#5 People Over Profit

Sinek’s video was very informative about how to sell things. At first, it made me uneasy because the main example was Apple, and how it uses what people believe in order to sell their products. That made me nervous, and almost made me feel cheated by them, as they are using extreme ethos and pathos by marketing ideas/movements in order to create a profit, which eventually became a billion dollar success and borderline monopoly.

However, when he started to discuss Martin Luther King Jr., I realized his technique applied to more than just business marketing: it’s about selling ideas, which is essential to any movement or social change.

One of the greatest examples of action in the past year has been the rise of the Women’s March on Washington and the movement that has arisen in its wake. Being at the Montpelier branch of the march, and then being able to see the other sister marches around the country filled up my heart and gave me hope about Americans continuing to stand up for what is good and right. After learning about Sinek’s model, I really think it aligns with his thinking. Those women and allies showed up for themselves, and were drawn to it because of a common belief and cause.

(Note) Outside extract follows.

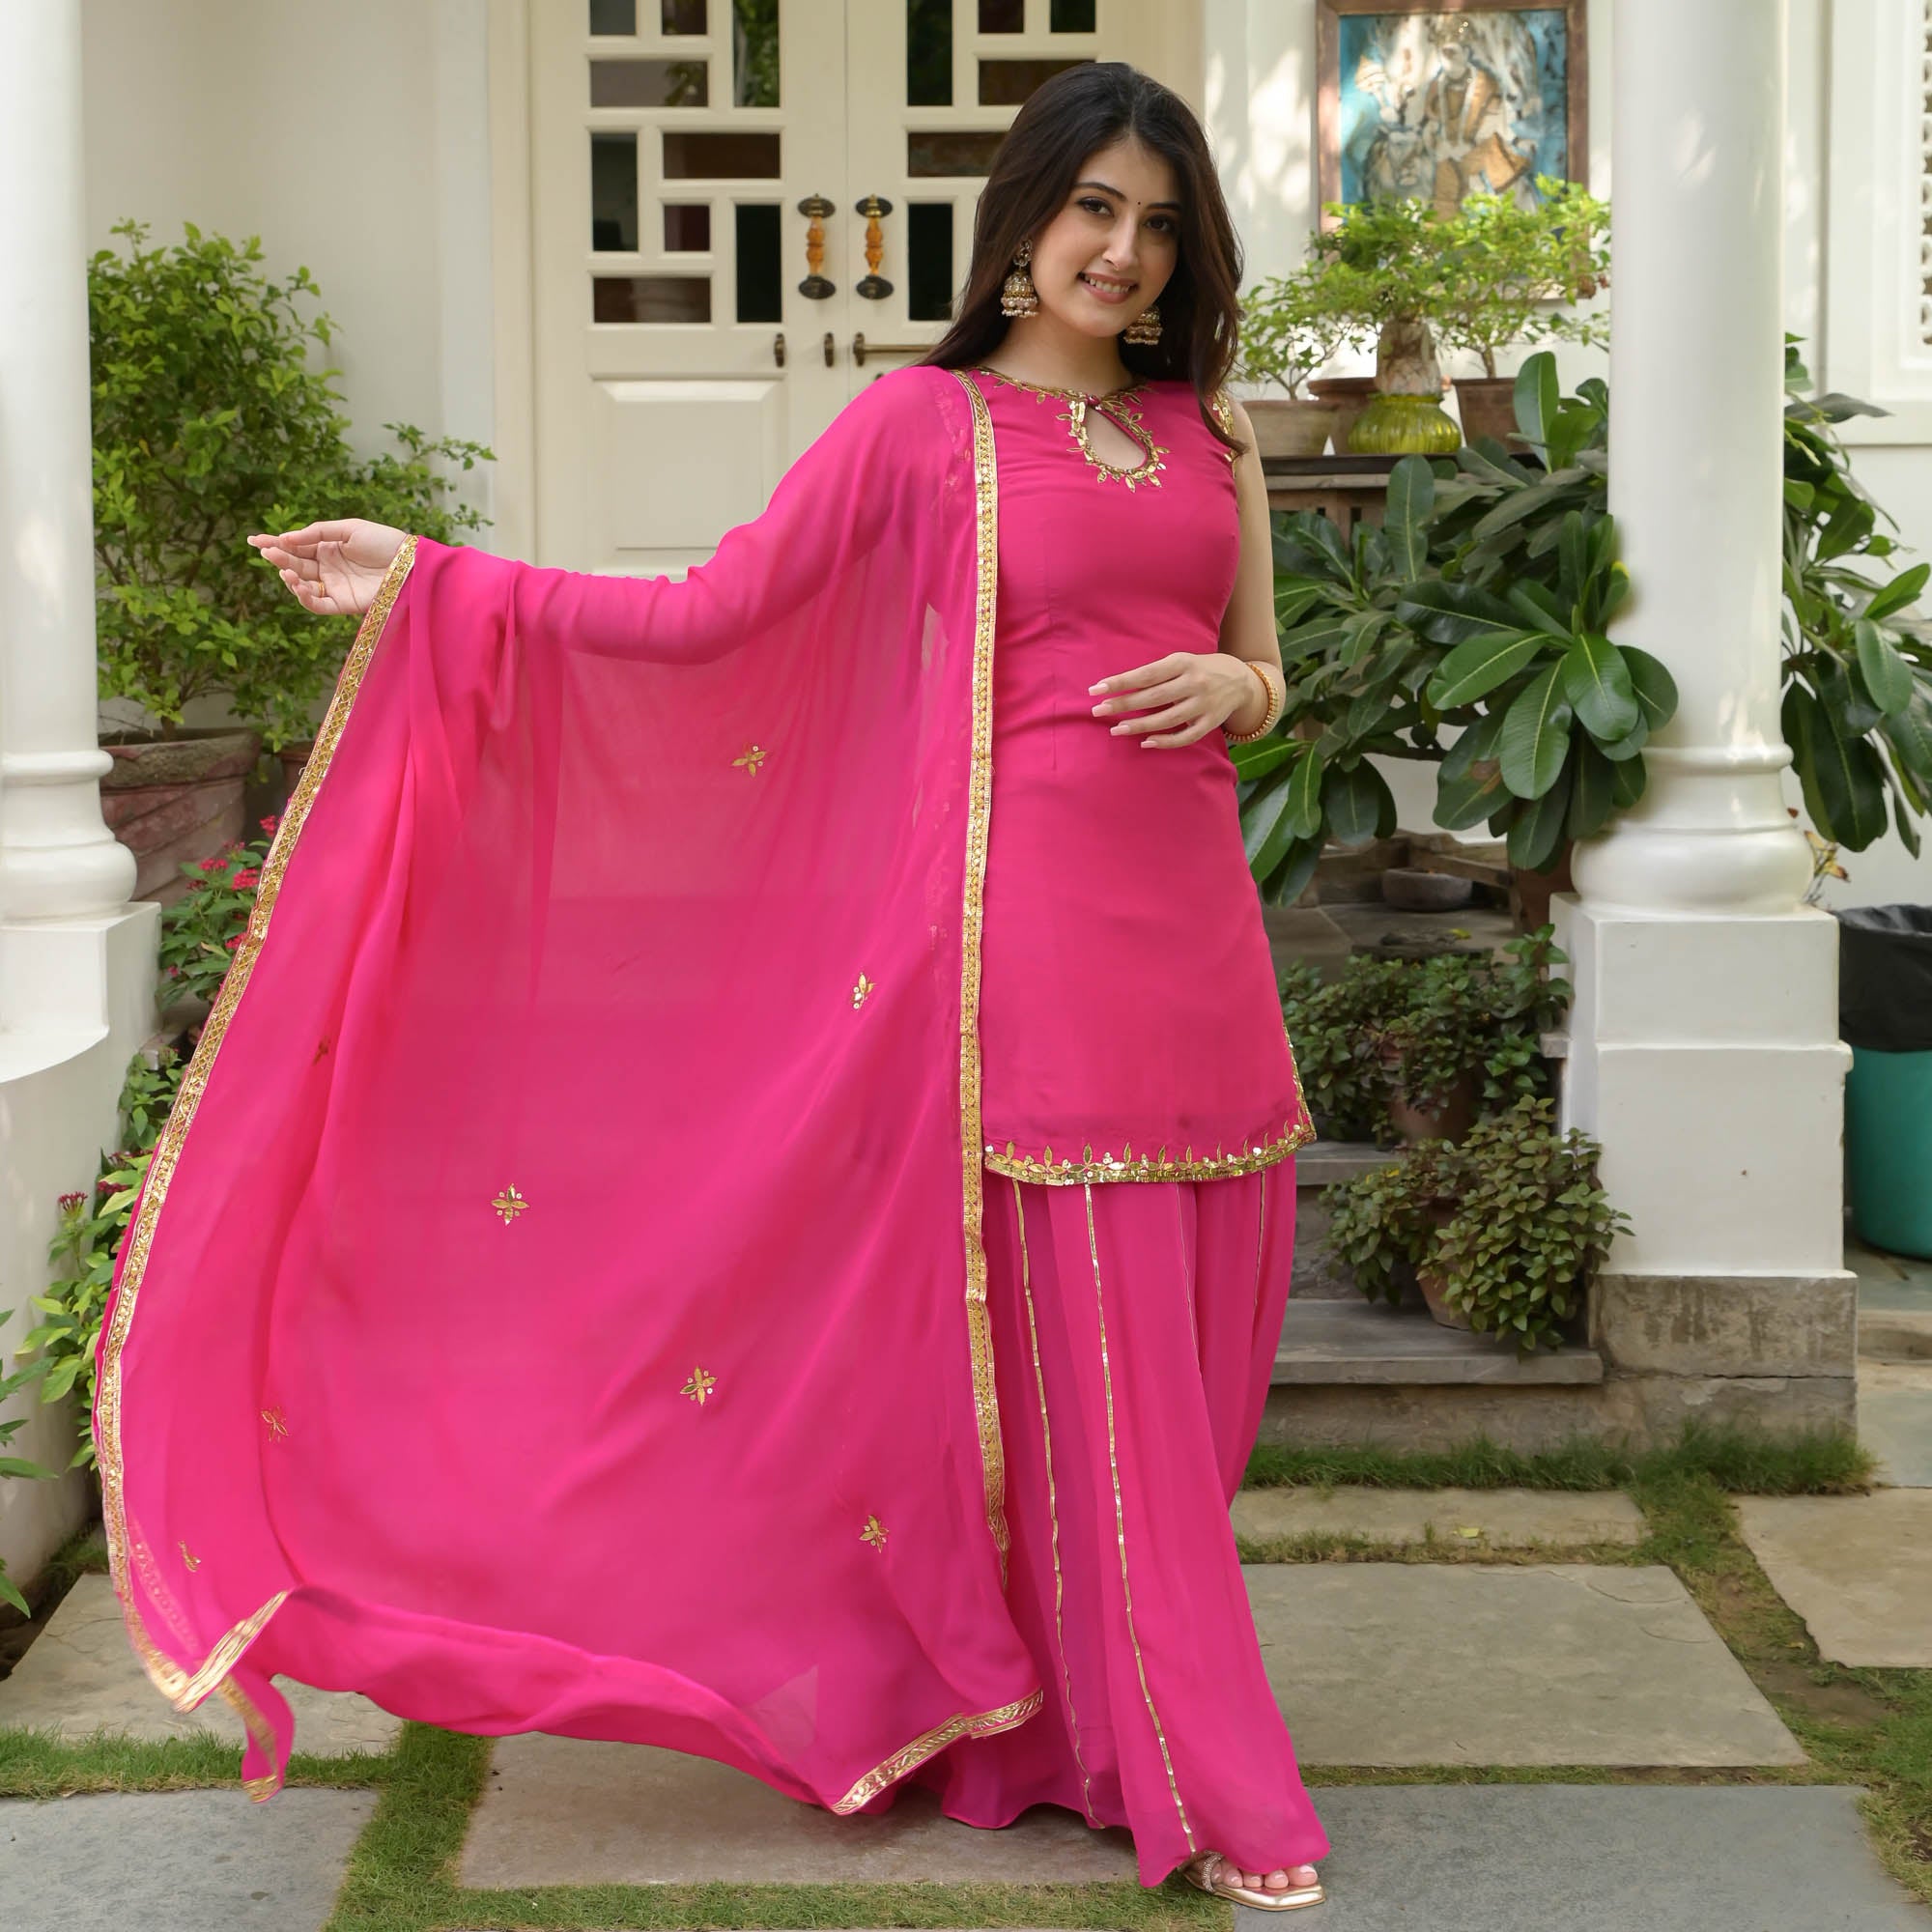 Pin by ninecolours.com on Salwar kameez | Sharara suit, Salwar kameez  designs, How to dye fabric

As a pitch for my issue, I might say: If you believe in the founding ideas of America, in which all men and women are created equal, show that you value it, by disengaging from the hate speech that harms your neighbors. Choose to not fly the Confederate flag.

 

Featured Image by Shutterstock

Sophia Venturo

3 Responses to “#5 People Over Profit

  • Sydney Taft Cole
    3 years ago

    Hi Sophie,
    I enjoyed reading your blog post. The part about selling ideas struck me the most. I wonder how many people in Vermont or in the world focus on selling ideas rather than products. I wonder which one costumers/people listening find most valuable. It certainly seems like an effective way to make change as you said.
    – Sydney

  • Ceci Lewis
    3 years ago

    Sophie,
    Persuasion is powerful. My dad always said it was easier to catch flies with honey than a hammer. Your tentative pitch: “If you believe in the founding ideas of America, in which all men and women are created equal, show that you value it, by disengaging from the hate speech that harms your neighbors. Choose to not fly the Confederate flag” truly illustrates this honey approach. By first establishing that your audience is indeed interested or committed to the idea of equality, then providing them with a solution of treating individuals equally by not flying the flag, you are providing your audience with a choice. Of course, there may be some who might say that they do not believe that all people are created equal, but at least you have given them food for thought. Your pitch forces the audience to engage with the topic. Nice!